Your goal
Give the listing again word for word, excluding the pictures it contains.

The data
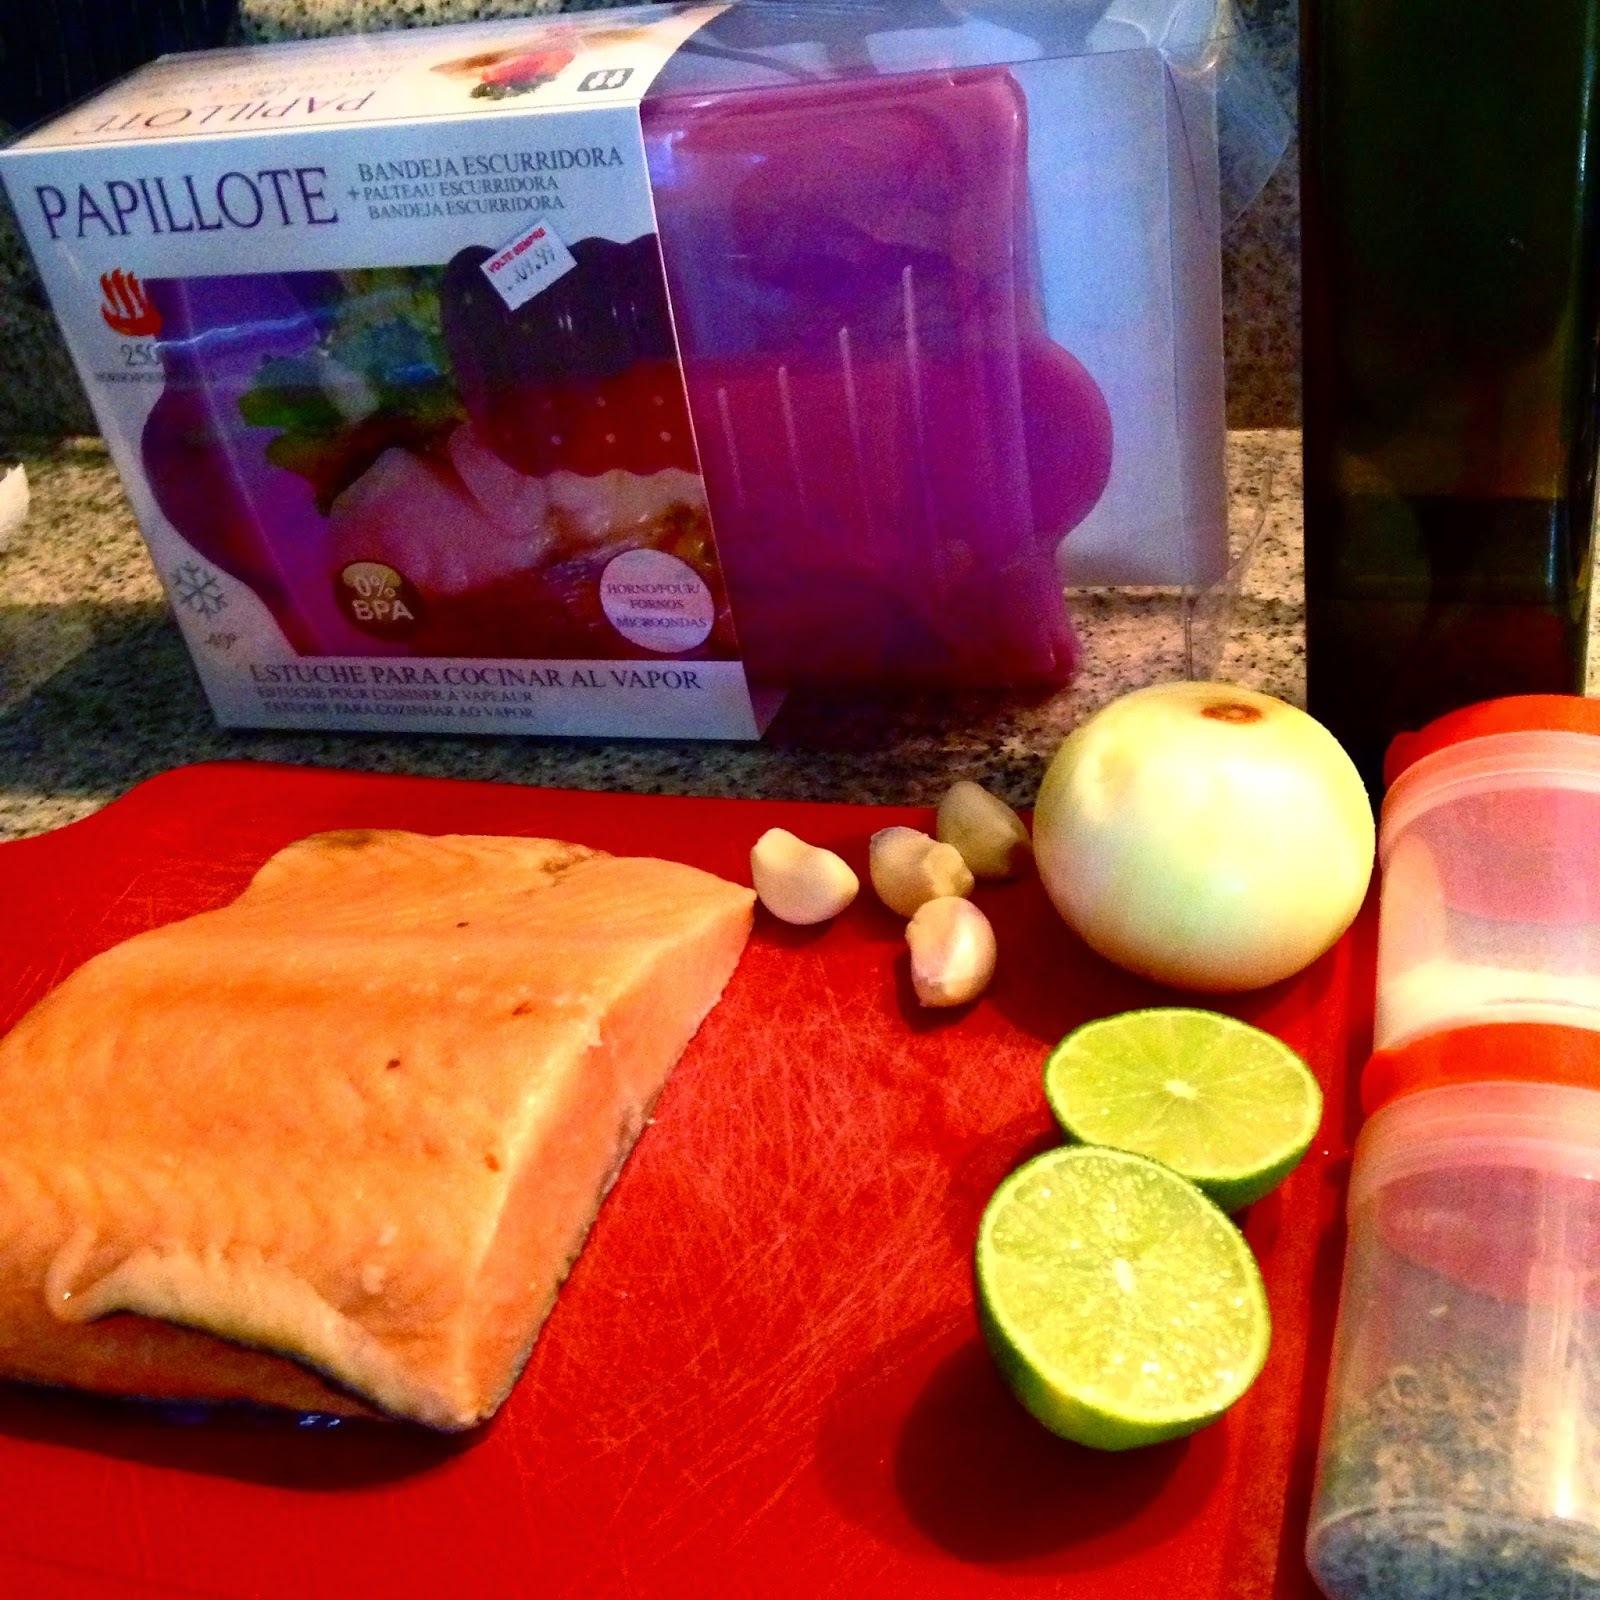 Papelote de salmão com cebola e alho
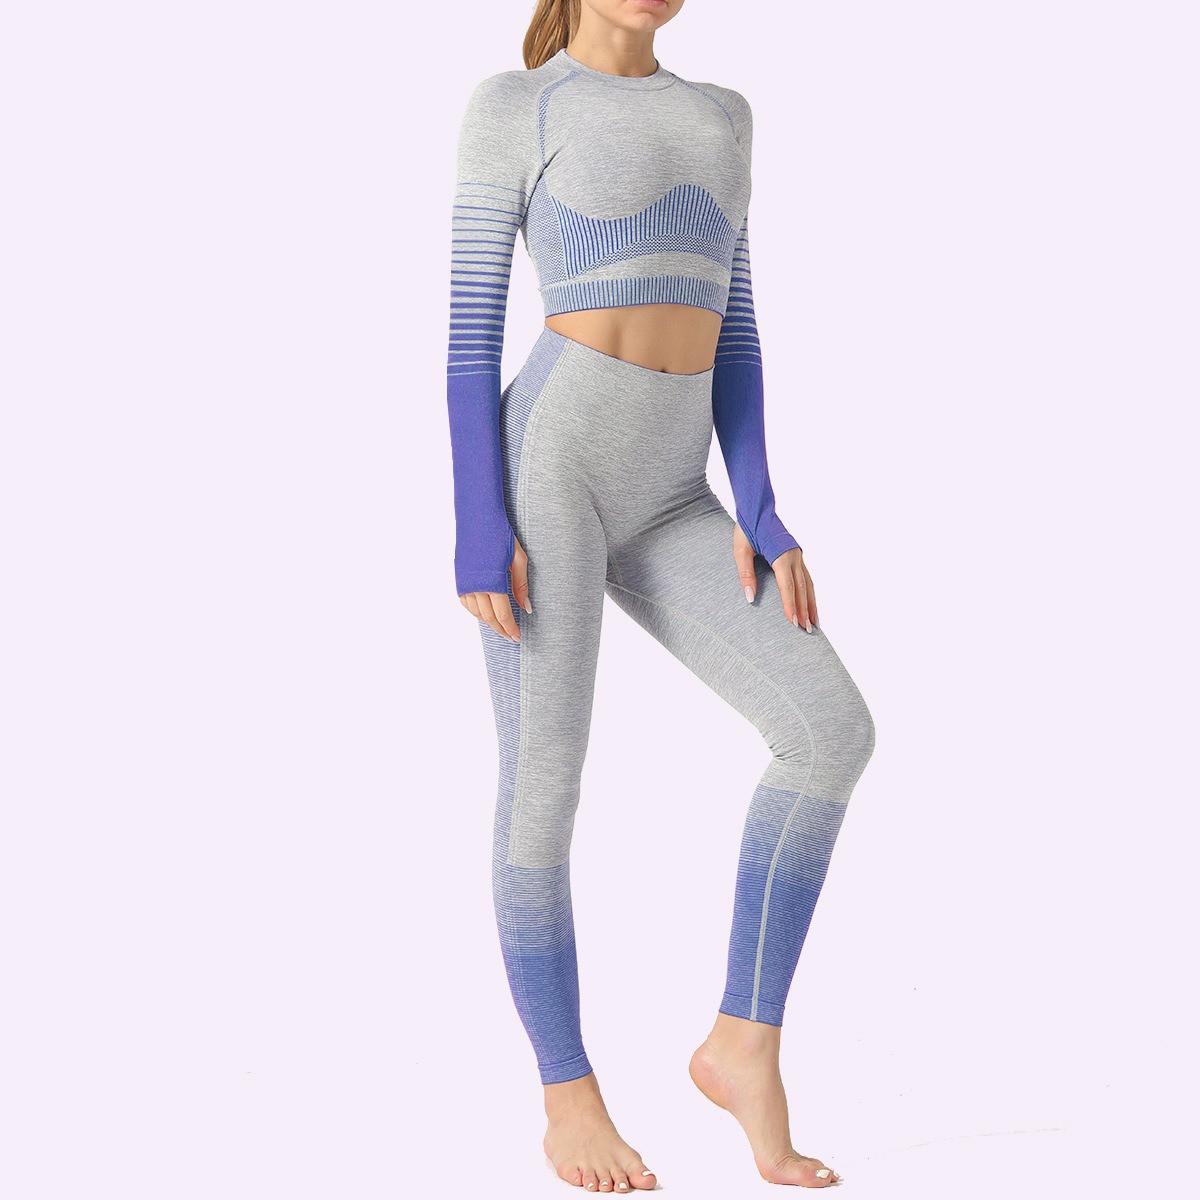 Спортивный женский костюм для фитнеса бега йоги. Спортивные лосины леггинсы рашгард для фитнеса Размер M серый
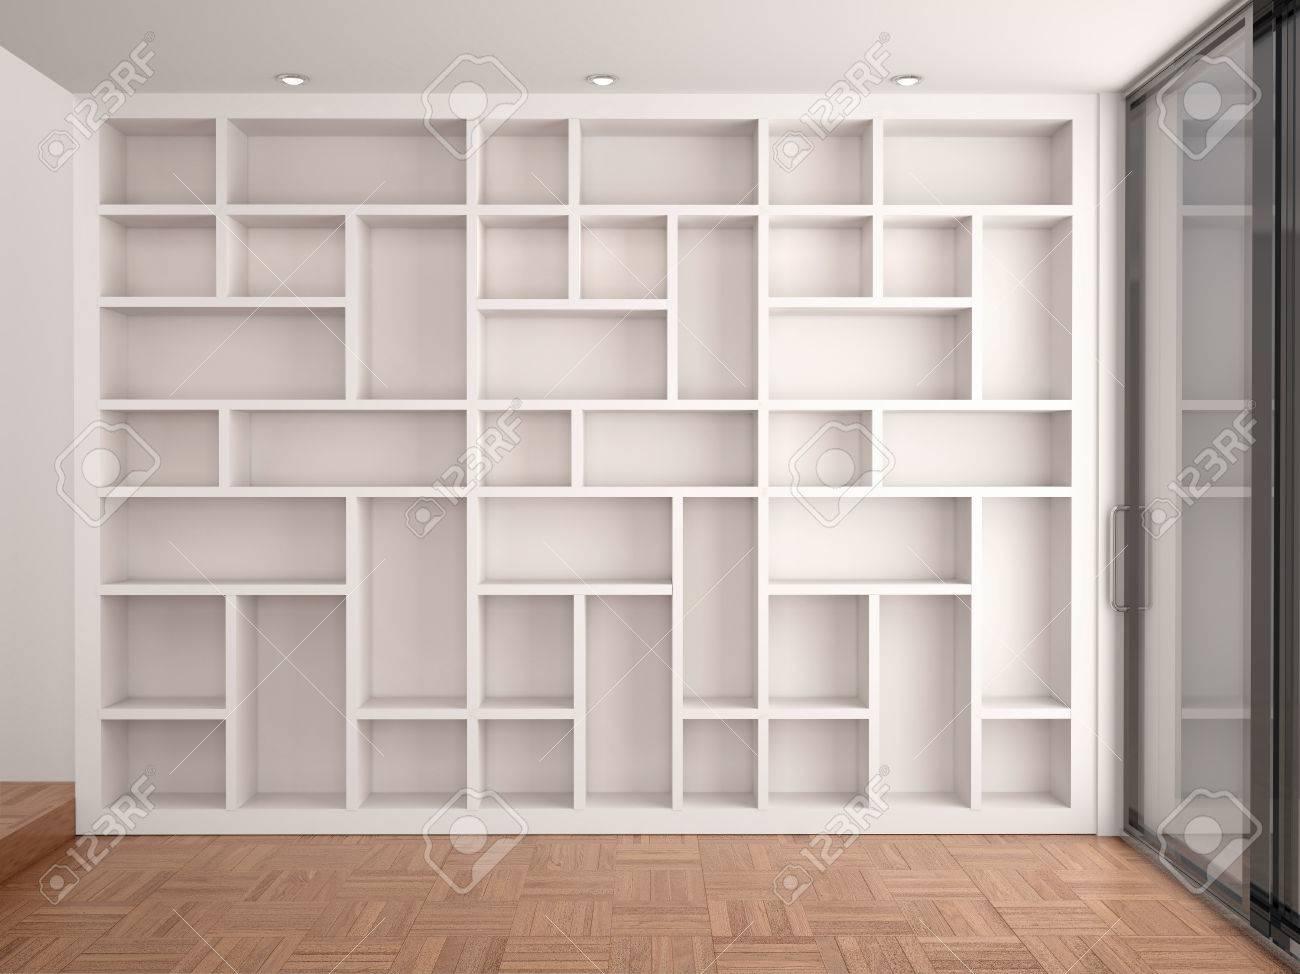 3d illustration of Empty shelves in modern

Output of the exercise
 Papelote de salmão com cebola e alho
 Спортивный женский костюм для фитнеса бега йоги. Спортивные лосины леггинсы рашгард для фитнеса Размер M серый
 3d illustration of Empty shelves in modern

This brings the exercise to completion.